Giant Love For Giant Clams
Love is a multi-faceted emotion, and famously the ancient Greeks, who were an extremely smart people, had several words for it: Eros, for erotic love, and Philia, for profound friendship and admiration, and a couple more for parental and sisterly and those kinds of love. So, somewhere among these loves I love giant clams. I love these massive mollusks, these clams which have gone the way of corals in evolution, depending on single-cellular symbiotic algae in their tissues for growth and survival. What unusual beasts, each the mass of a very large man, or more. Size impresses, certainly in this case.
I am in awe when I see a giant clam, and I wish them well in persisting in the shallow oceans of the Philippines in significant numbers.
This is not a mutual kind of love; They are large, imposing, equipped with a highly effective and evolutionarily advanced system for feeding their symbiotic algae with light (akin to fiber-optic cables). But they are not smart; They are cognitively limited below a glue-sniffing hamster, or a retarded earth-worm. They don’t even move, and just half-close their shell when a big fish or a diver swims too close to them. They have no sense of self, and no sense of agency in others, they are certainly not capable of love, of loving me or any other clam-enthralled marine biologist back. They, are beautiful, rare, biologically fascinating dunces.
It’s love for an organism which is so unlike us, and this alien nature of the giant clams brings about a significant part of my – and I assume that of many other biologists’ – fascination with them.

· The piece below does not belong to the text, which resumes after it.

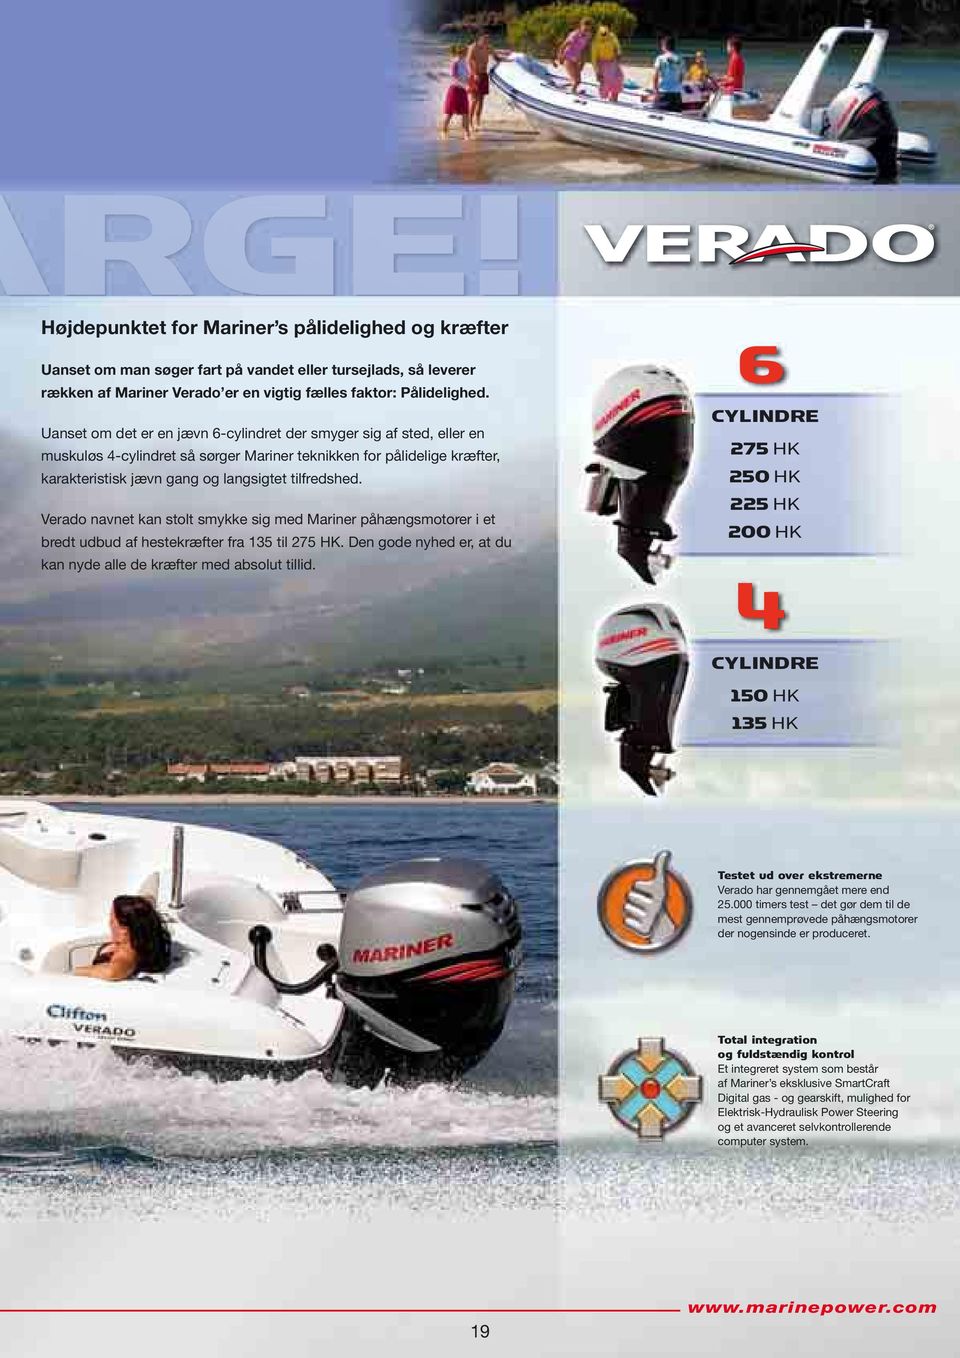 Verado navnet kan stolt smykke sig med Mariner påhængsmotorer i et bredt udbud af hestekræfter fra 135 til 275 HK. Den gode nyhed er, at du kan nyde alle de kræfter med absolut tillid.

The Giant Clams of Bolinao
I had the great pleasure to spend 3 summers as a visiting professor at the Marine Science Institute of the University of the Philippines, Dilliman, which runs a giant clam breeding program. During my time there I taught some fantastic young marine biologists how to scuba dive safely, and wrote a number of papers and manuscripts about sea urchins, gobies, and even (mopping up an older project) teh failure of large-scale brain simulations.

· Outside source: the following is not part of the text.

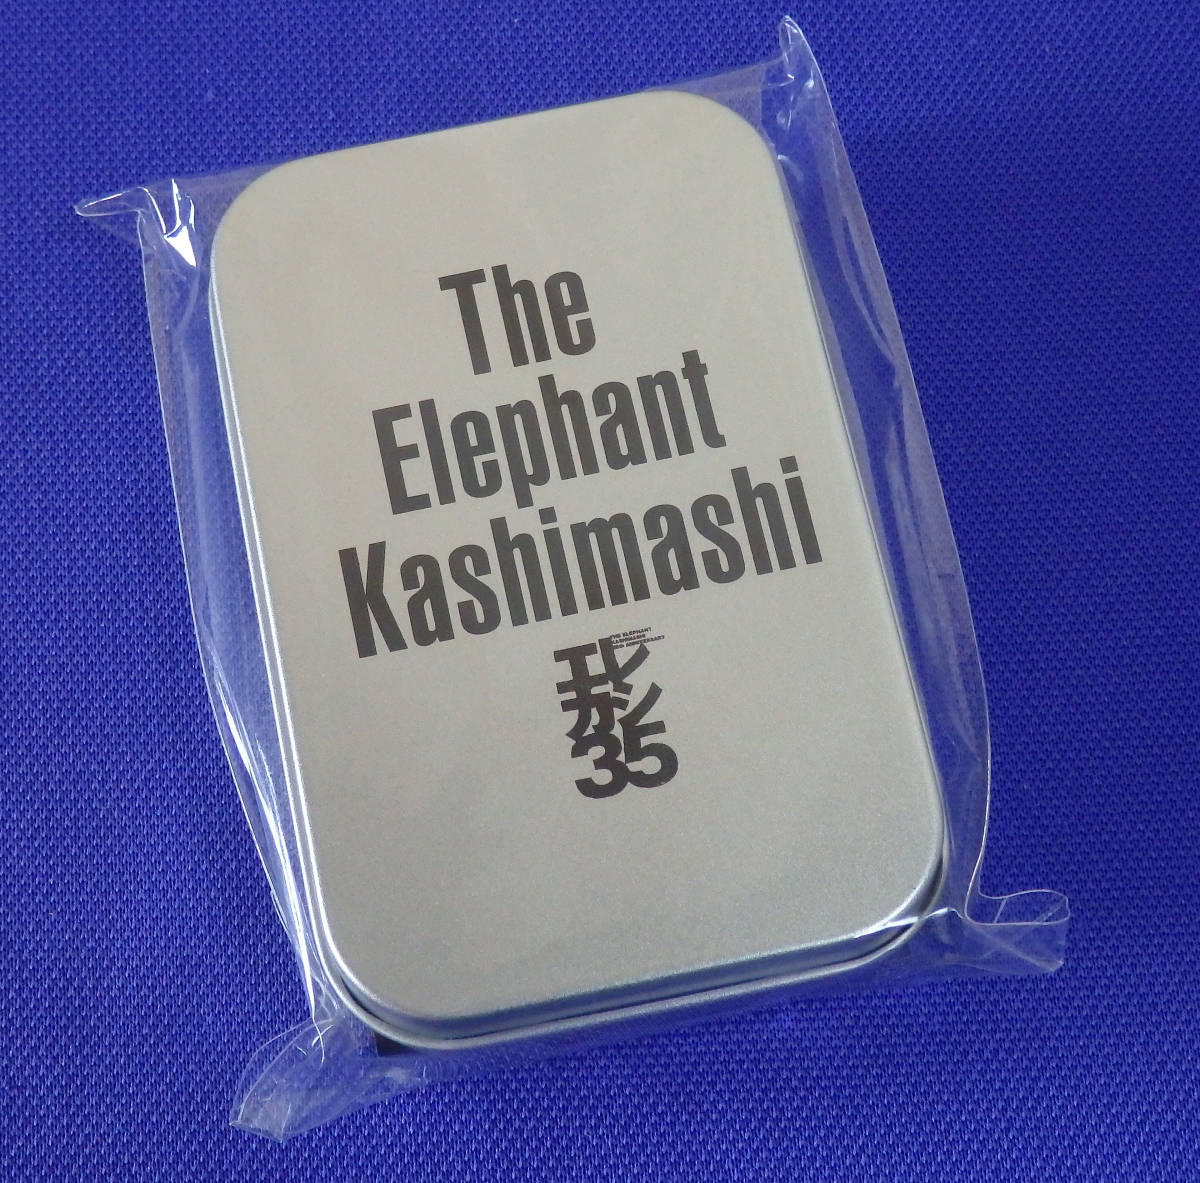  новый товар Elephant kasimasi жестяная банка в кейсе лейкопластырь комплект

And I’m also happy with my creative output during that time; I shoot ample videos and stills of the giant clams. Some of my images, footage and impressions were featured in Hakai magazine, an excellent magazine featuring thoughtful contributions about the world’s oceans and the animals & people in them:
Footage
The endless rows of clams in Bolinao are a truly alien type of city; and the 10s of thousands of clams in the shallow seagrass areas number as many as the citizens of a mid-sized city. This was an enthralling
I also got satisfying footage of an afternoon in the hatchery where the marine lab’s young biologists induced the clams to breed and generated a new generation of giant clam larvae.
Photographs
I also managed to get some nice still photographs. The mantles of the clams are amazingly colored, with the iridocytes and the symbionts giving them shades of brown, yellow, orange and green. These look like psychedelic wallpapers from the 60s, and the shapes of the clam’s orifices also add to the visual appeal. It was addictive to sneak up on the clams and to collect more and more patterns.